Monday, July 11, 2016

Power Calcs; R versus Stata



I found this nice post with R code for more complicated power calculations using simulations - which is nice, because it's not the black box.

http://egap.org/methods-guides/10-things-you-need-know-about-statistical-power

They provide 3 stages of power calculations:

  1. Two sided power calculation - no clustering, covariates, or multiple treatment arms
  2. Two sided power calculation with covariates - no clustering, or multiple treatment arms
  3. Two sided power calculation with multiple treatment arms 

  1. Two sided power calculation - no clustering, covariates, or multiple treatment arms
First I compare (1) to Stata, and they report the same sample size: N = 500, split between T1 and Control, assuming the SD for both samples is the same (which, is generally an erroneous assumption. You expect your treatment group to have greater variation in outcomes. But so it is.)

R


Stata 12.1 ( sampsi 60 65, alpha(.05) power(.8) sd(20))


2. Two sided power calculation with covariates - no clustering, or multiple treatment arms

Then I look at their calcs with covariates. When you add in covariates that creates noisier data. When you don't adjust for the reduce sd on estimates that covariates bring you later down the road, then you're overstating N. See the difference between sample_size = 1500 now and sample_size.cov = 500. (I didn't do this in Stata. I think power in Stata 13 lets you add in covariates, and I'm not bothering writing and ado for Stata to do this.)



              3. Two sided power calculation with multiple treatment arms 


First, let's assume the same effect size in both (5) for each treatment group. If we consider only making one comparison (ttest), then N ~ 600.


Stata 12.1 (sampsi 60 65, alpha(.05) power(.8) sd(20) ratio(3))

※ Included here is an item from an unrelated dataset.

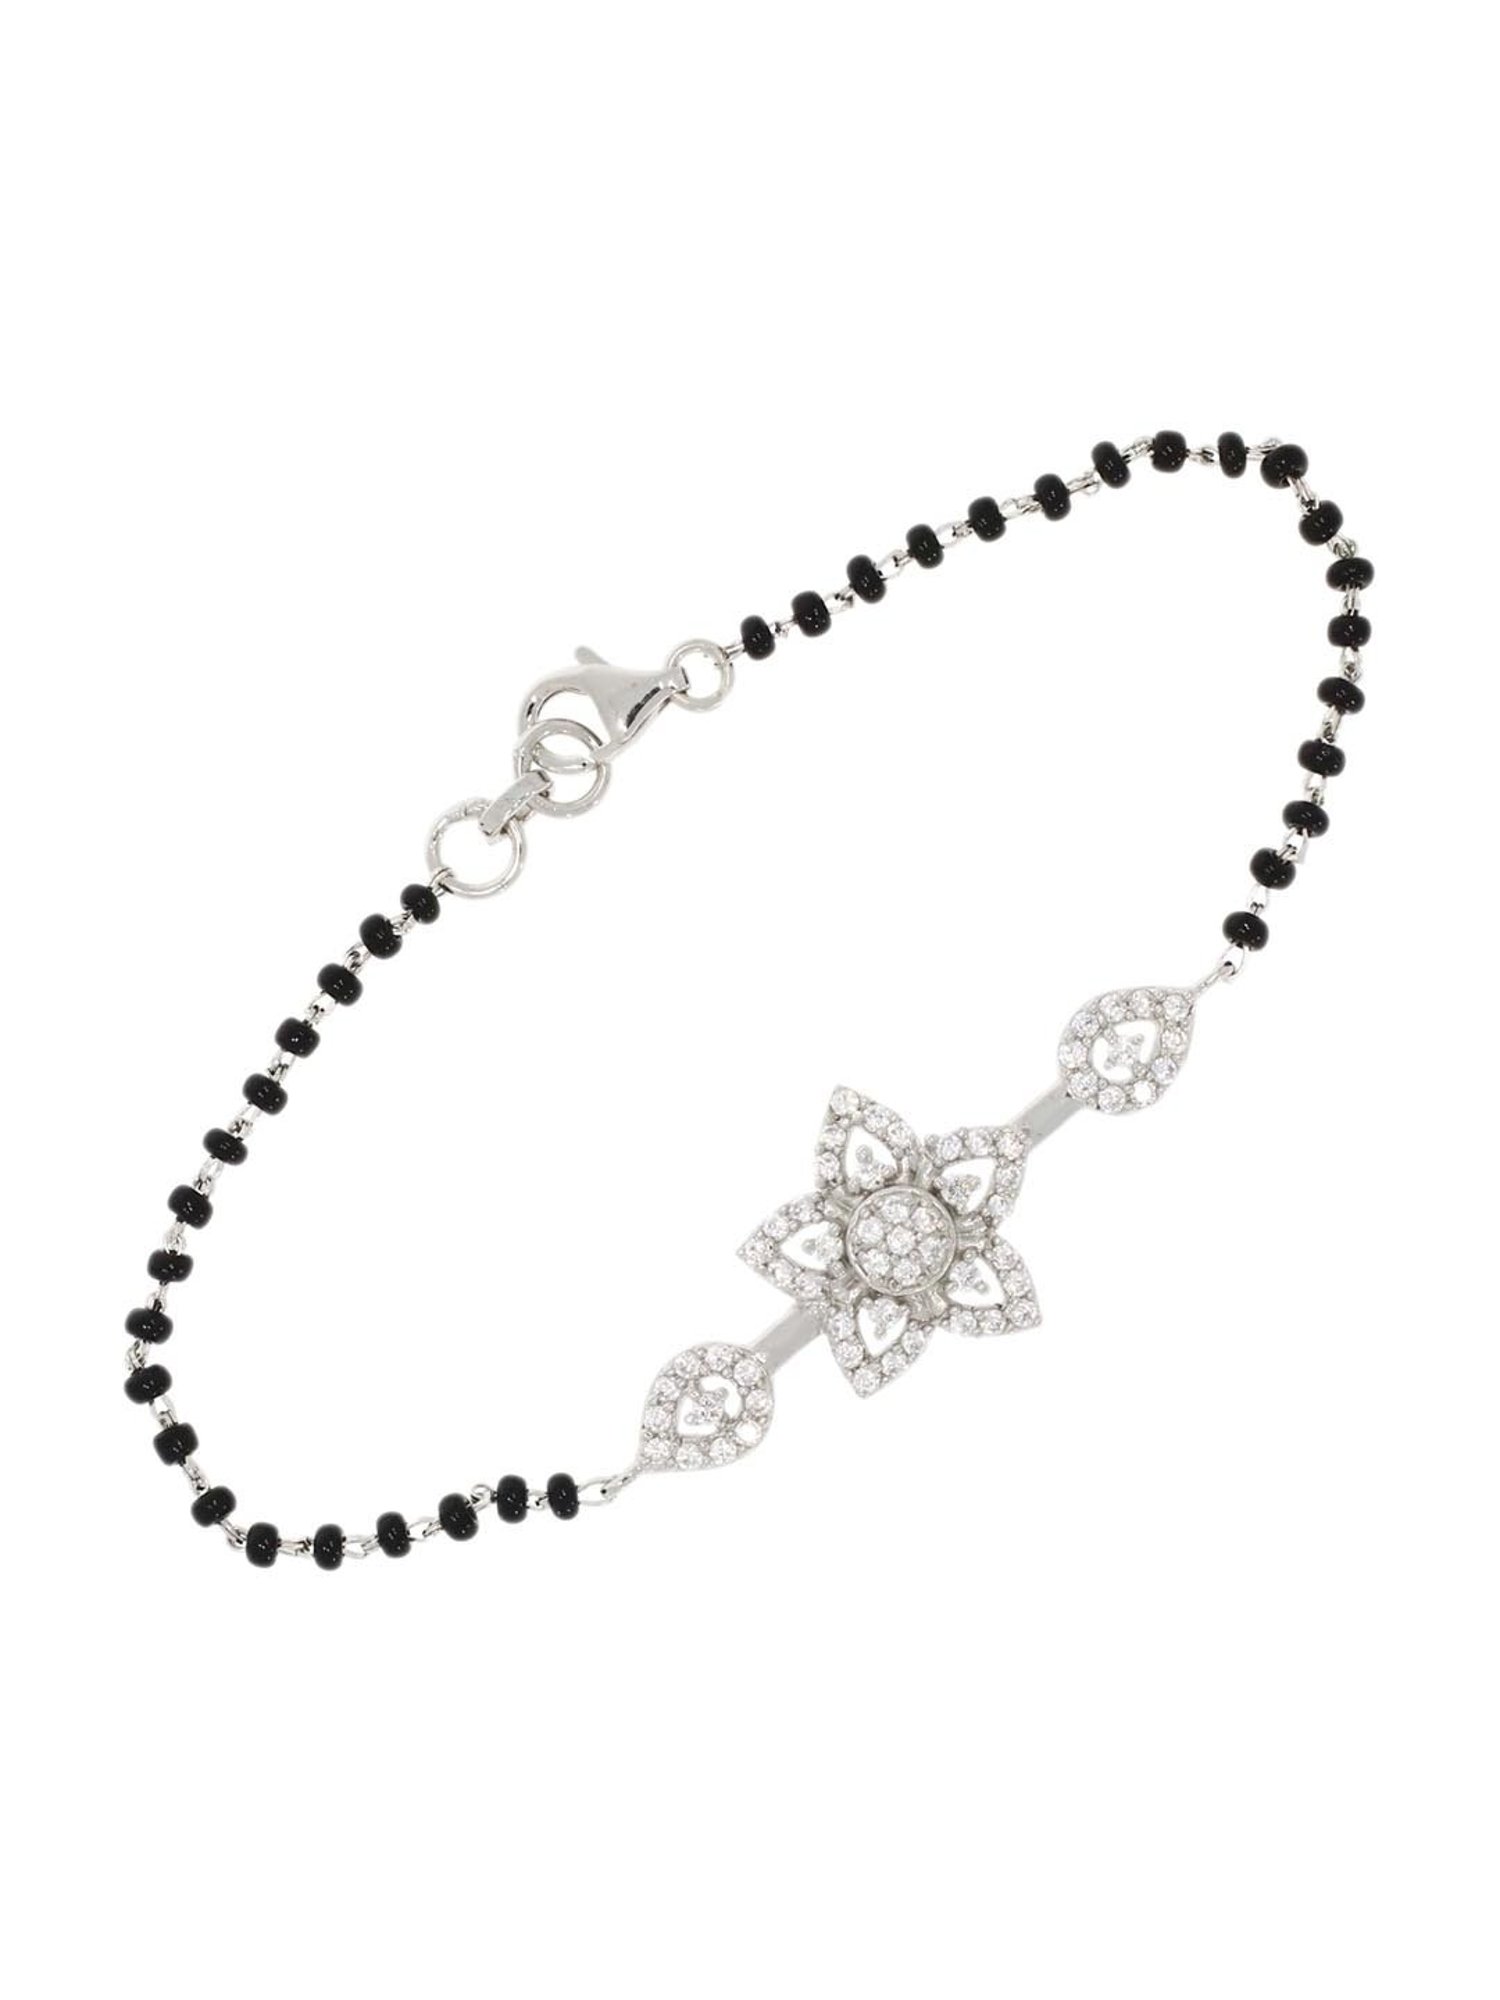 925 Silver Double Row Mangalsutra Bracelet with Zircon center units I  Shobitam Jewelry | Mangalsutra bracelet, Zircon, Black beads

And that's what Stata's Sampsi command gives too, N= 600 , if we assume the same effect sizes by each treatment and no adjustment to the needed p-value for multiple testing.

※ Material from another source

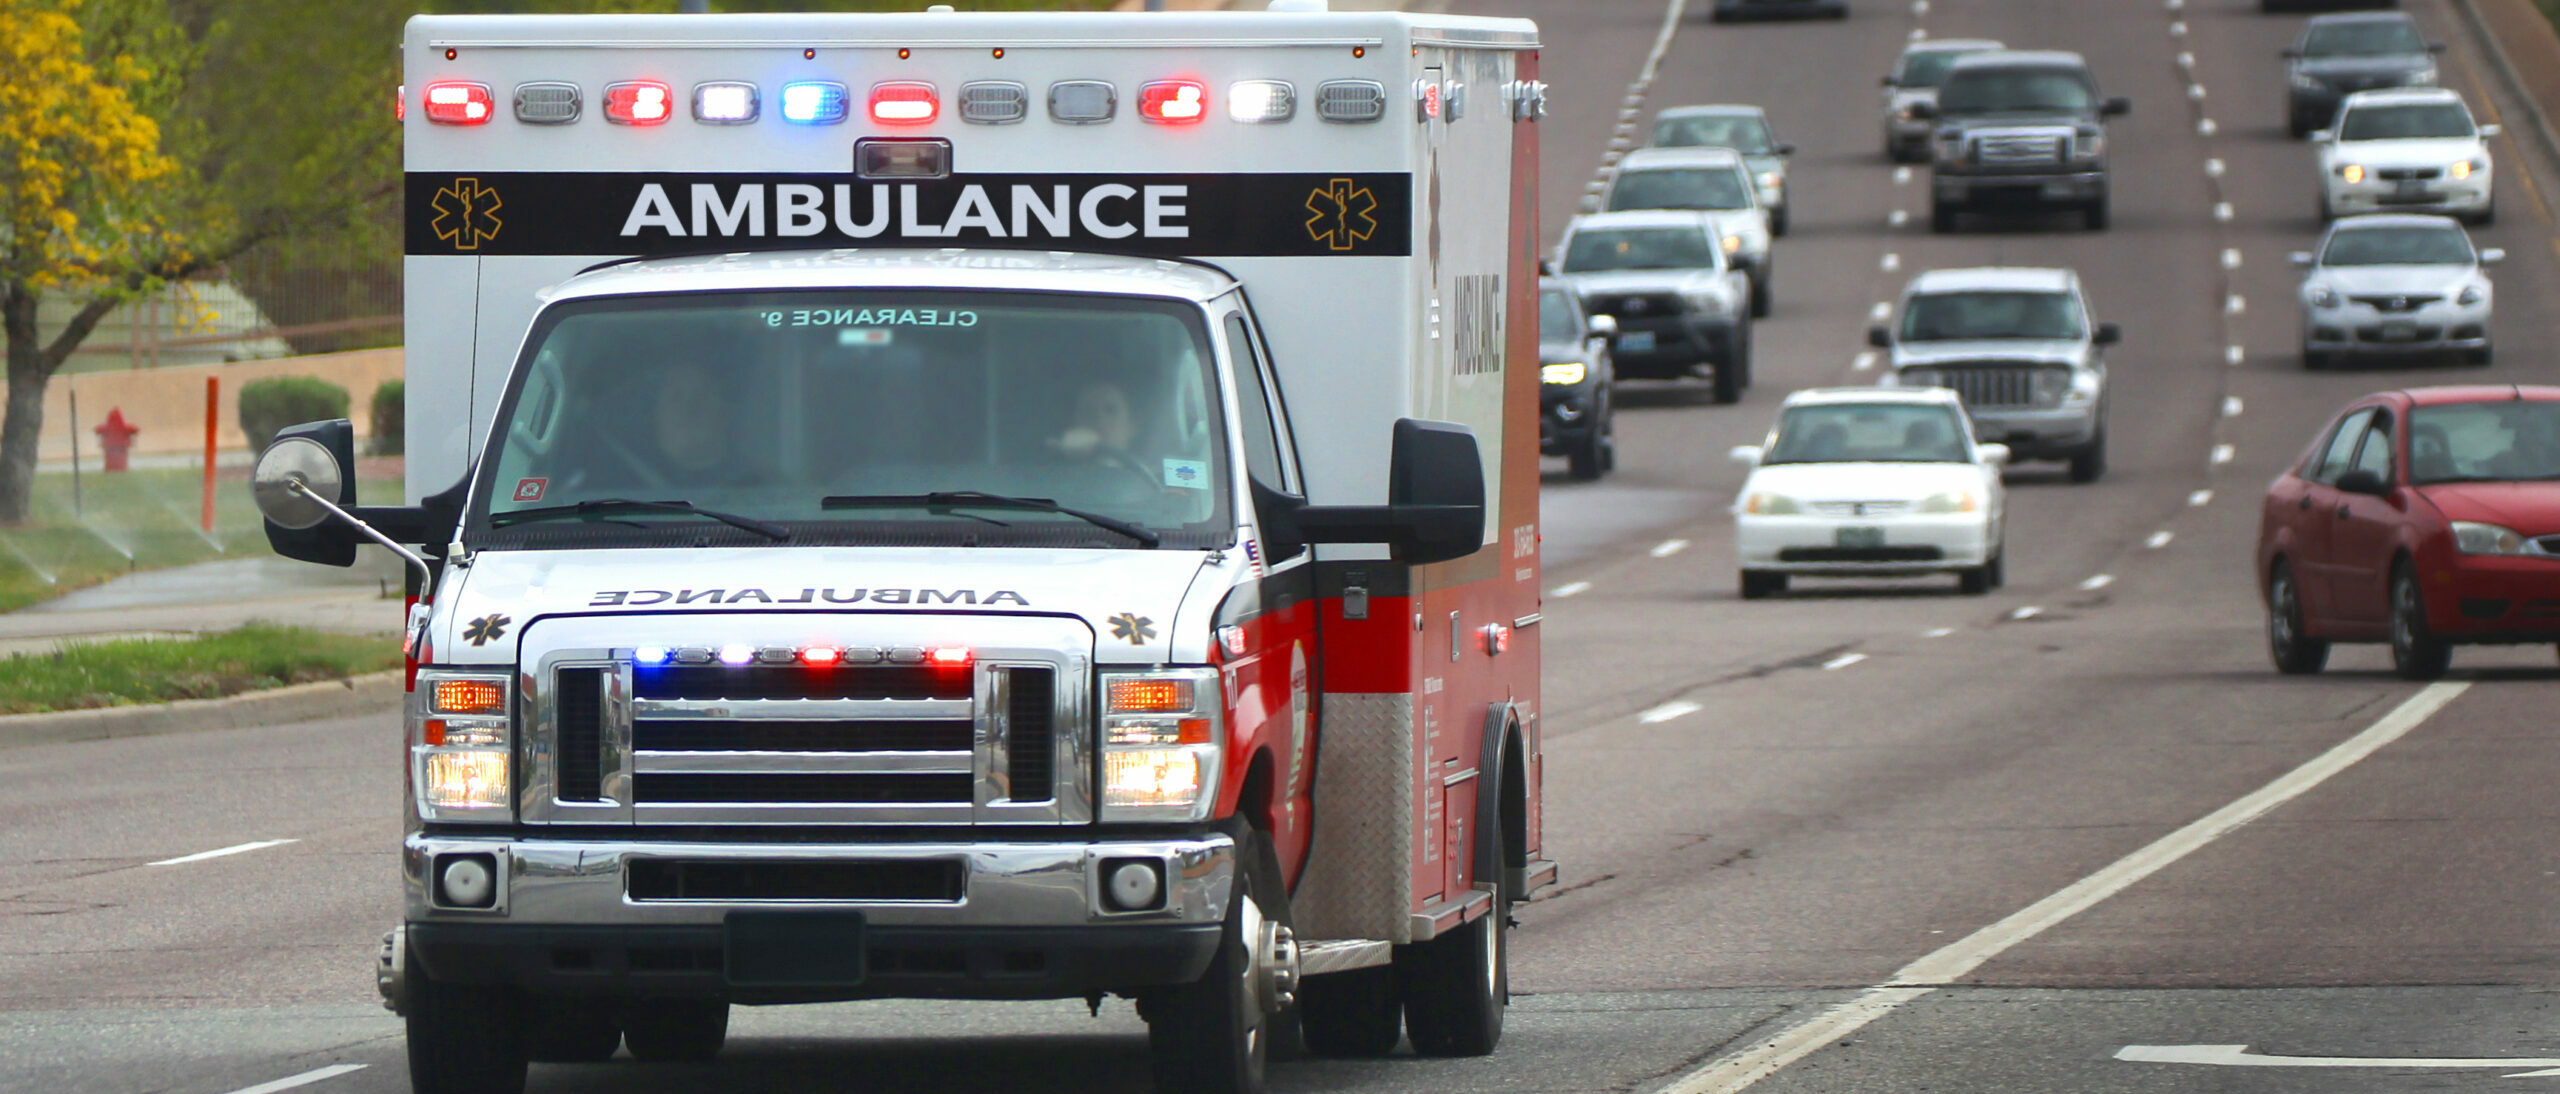 Comstar Ambulance Billing Service Data Breach Investigation

In R simulations, the simulations that correct the p-values for multiple testing, show that we don't acheive 80% power with a sample of 2,000 or less.  (possible.ns[which(power.fullranking > 0.8)[1]] returns NA and you can see that series in blue is flat).

      4. The final step that they don't do is to also adjust for clustering. So I add this in. 
I'm working on adding this in to the code in R and rewriting it in Python... tbc.




Monday, April 11, 2016

Looping over numbered vars in Stata vs Python

If you want to loop over a list of variables that increment with a number nested inside the variable name, you can:

Stata

foreach i of numlist 1(1)34 {
      summ var`i'
}

Python. 


for i in range(1,34):
    print(np.mean(eval("x" + str(i))))

Wednesday, January 13, 2016

Margins Command in Stata

This walks through an example to help explain the margins command in Stata for nonlinear regressions.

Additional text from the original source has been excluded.